DIRECTIONS FOR THIS TASK:
In the entries below, find the line with "Samsonite Travel Accessories" and the line with "Polo Ralph Lauren | Swimsuit Boxer Red". Return those two lines and all lines between them, exactly.

Items listed in a dataset:

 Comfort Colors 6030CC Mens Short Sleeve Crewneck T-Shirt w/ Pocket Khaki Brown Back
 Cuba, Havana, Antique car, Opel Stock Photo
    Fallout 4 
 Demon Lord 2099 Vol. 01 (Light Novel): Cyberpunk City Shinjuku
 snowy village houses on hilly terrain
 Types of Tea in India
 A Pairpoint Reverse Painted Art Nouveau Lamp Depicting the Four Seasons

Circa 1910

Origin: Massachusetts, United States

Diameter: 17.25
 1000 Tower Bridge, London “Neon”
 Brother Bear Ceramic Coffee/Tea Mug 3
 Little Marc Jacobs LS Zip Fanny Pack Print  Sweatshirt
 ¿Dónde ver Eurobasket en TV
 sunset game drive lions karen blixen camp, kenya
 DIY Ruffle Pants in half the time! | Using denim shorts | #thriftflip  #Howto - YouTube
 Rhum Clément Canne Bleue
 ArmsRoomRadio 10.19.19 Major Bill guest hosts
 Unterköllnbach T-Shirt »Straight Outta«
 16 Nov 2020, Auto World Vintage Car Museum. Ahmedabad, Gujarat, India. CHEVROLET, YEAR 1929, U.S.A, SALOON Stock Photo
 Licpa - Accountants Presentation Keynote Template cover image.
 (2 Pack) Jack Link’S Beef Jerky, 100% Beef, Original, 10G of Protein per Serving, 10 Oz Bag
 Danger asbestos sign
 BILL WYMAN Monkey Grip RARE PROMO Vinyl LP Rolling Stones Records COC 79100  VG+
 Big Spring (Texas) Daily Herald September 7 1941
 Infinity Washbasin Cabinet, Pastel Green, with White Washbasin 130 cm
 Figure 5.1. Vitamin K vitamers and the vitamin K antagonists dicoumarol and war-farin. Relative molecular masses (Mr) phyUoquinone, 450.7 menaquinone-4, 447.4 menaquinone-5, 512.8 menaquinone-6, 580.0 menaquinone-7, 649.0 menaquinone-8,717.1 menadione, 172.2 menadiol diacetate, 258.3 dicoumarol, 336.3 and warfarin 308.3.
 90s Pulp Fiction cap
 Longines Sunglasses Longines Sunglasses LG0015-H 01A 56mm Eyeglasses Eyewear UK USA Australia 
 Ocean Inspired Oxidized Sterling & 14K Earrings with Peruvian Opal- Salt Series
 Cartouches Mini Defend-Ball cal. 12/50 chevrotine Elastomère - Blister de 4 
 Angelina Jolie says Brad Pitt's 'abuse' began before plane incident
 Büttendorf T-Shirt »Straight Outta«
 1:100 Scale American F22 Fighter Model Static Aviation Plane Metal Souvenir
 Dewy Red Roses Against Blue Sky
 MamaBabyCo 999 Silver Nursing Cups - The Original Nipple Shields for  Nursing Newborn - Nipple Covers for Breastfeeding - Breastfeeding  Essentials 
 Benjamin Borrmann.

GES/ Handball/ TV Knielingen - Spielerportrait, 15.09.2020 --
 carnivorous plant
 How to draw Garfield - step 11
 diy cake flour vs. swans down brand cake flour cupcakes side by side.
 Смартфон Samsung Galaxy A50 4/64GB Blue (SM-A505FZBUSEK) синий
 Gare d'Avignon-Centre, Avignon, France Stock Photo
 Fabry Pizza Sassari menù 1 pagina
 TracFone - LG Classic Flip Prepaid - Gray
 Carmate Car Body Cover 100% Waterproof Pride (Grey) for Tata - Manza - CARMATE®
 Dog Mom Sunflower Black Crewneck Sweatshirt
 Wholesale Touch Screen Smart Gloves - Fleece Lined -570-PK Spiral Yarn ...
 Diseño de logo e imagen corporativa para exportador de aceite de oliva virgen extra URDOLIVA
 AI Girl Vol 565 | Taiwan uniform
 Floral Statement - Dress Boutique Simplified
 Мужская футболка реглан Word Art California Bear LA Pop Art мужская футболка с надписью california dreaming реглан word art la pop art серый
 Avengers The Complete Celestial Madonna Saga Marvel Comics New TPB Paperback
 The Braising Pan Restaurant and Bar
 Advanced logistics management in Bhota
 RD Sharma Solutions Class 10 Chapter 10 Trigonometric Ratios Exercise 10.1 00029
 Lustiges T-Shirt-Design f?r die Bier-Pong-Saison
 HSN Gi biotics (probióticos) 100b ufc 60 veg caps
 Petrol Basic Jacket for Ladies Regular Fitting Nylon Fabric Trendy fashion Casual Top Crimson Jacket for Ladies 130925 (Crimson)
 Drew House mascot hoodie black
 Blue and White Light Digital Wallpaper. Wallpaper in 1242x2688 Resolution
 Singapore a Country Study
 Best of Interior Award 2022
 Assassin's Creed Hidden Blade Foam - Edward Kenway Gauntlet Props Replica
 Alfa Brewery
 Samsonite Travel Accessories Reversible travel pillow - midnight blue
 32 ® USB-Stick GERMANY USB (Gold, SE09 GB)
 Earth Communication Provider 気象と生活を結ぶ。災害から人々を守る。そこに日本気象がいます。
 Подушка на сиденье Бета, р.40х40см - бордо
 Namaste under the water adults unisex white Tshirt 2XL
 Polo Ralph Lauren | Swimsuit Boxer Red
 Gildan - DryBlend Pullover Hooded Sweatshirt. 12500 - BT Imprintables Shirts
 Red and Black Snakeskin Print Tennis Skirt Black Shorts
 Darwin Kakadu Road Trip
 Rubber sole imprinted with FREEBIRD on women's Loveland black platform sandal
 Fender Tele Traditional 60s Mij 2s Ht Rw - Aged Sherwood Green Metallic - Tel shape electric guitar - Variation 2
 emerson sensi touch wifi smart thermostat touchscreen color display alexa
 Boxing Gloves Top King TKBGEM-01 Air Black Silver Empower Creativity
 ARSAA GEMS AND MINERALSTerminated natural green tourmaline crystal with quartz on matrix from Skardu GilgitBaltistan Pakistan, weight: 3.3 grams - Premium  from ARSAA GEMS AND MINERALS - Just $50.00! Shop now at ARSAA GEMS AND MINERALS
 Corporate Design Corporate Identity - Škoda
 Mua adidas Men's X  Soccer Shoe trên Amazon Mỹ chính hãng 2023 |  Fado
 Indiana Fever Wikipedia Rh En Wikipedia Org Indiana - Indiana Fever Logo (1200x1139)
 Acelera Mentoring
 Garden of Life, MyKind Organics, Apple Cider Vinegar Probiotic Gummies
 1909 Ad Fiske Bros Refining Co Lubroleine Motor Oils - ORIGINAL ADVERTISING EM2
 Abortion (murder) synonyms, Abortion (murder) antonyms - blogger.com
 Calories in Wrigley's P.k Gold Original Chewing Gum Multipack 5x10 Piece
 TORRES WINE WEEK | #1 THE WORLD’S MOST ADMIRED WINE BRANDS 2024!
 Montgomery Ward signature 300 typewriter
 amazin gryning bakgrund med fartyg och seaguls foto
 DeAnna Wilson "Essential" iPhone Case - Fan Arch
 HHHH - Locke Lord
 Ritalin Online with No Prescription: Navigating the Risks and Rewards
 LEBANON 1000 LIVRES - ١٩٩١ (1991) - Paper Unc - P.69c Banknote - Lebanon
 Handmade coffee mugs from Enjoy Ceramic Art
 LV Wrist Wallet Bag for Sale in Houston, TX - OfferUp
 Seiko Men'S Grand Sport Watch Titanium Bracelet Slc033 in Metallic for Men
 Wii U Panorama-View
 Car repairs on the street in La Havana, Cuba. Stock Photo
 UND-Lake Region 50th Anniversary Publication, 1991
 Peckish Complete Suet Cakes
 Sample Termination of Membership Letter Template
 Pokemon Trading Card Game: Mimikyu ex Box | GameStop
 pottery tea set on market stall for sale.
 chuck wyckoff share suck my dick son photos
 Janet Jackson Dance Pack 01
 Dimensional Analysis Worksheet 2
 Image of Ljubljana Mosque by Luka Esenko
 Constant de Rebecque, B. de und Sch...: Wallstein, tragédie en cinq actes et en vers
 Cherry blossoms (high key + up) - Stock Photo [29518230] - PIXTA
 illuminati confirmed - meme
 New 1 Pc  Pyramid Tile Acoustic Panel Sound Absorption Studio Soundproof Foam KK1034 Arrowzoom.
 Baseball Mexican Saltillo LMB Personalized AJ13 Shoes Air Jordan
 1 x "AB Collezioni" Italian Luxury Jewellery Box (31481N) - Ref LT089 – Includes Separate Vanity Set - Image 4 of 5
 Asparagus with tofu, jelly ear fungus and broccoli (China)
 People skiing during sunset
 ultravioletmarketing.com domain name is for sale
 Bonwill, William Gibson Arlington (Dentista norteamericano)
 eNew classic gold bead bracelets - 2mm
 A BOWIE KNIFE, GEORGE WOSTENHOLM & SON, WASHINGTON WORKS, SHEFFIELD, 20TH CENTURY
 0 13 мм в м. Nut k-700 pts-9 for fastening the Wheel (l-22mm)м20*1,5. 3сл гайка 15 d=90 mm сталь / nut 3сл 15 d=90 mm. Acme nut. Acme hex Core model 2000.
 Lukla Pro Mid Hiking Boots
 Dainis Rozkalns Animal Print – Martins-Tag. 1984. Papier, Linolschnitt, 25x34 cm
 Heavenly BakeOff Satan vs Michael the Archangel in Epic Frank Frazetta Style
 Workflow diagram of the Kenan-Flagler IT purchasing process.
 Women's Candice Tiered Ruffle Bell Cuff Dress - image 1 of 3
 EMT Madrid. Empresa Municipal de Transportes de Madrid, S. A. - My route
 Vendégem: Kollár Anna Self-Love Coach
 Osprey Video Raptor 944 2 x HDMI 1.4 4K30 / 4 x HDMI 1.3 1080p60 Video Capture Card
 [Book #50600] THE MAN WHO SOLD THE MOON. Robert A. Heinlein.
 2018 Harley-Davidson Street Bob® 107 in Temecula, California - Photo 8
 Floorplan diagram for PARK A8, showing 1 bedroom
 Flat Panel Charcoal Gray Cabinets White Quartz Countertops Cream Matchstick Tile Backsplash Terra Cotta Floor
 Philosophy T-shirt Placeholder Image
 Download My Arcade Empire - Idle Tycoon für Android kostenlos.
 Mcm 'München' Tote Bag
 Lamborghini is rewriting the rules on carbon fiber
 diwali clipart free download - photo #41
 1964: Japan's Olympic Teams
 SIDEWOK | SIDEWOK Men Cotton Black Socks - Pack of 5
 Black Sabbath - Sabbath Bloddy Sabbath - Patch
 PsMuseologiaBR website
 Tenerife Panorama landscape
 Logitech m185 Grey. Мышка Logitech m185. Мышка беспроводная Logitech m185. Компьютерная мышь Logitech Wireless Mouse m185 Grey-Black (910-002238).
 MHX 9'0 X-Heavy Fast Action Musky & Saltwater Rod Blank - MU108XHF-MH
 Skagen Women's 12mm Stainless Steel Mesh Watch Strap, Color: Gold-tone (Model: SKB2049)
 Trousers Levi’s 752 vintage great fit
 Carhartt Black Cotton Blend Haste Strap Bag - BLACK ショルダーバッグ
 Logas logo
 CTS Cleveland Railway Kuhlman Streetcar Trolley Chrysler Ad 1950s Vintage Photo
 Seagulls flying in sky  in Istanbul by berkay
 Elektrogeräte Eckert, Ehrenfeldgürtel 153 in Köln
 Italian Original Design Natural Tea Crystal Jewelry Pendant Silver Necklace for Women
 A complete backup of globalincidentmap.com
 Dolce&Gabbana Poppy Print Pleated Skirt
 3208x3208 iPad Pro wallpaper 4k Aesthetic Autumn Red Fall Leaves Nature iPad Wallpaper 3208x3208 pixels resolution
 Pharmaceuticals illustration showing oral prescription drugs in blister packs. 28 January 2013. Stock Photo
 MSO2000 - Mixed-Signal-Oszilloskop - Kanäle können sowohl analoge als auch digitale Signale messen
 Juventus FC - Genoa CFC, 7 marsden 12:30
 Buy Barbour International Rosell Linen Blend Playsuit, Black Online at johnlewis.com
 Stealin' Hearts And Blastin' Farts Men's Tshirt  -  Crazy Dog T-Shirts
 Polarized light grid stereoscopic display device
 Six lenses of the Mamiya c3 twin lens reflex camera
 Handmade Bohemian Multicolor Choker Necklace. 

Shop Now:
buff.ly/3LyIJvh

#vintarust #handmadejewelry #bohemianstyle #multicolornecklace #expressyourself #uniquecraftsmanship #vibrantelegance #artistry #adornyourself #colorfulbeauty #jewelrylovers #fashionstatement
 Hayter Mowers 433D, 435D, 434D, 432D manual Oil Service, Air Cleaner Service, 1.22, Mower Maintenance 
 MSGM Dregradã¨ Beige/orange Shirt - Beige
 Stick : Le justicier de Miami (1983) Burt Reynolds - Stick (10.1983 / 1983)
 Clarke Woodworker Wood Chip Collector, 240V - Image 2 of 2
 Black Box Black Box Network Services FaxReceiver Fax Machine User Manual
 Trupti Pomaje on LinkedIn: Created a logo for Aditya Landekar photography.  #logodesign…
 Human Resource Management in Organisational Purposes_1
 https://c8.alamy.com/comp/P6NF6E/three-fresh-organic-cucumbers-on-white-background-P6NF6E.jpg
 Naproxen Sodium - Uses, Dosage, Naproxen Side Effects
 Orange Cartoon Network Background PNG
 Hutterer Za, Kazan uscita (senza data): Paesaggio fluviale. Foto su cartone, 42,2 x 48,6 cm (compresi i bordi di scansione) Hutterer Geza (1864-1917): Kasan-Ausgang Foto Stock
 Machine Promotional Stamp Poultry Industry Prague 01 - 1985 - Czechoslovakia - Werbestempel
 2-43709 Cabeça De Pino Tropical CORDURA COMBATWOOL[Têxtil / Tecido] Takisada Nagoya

WORKED SOLUTION:
 Samsonite Travel Accessories Reversible travel pillow - midnight blue
 32 ® USB-Stick GERMANY USB (Gold, SE09 GB)
 Earth Communication Provider 気象と生活を結ぶ。災害から人々を守る。そこに日本気象がいます。
 Подушка на сиденье Бета, р.40х40см - бордо
 Namaste under the water adults unisex white Tshirt 2XL
 Polo Ralph Lauren | Swimsuit Boxer Red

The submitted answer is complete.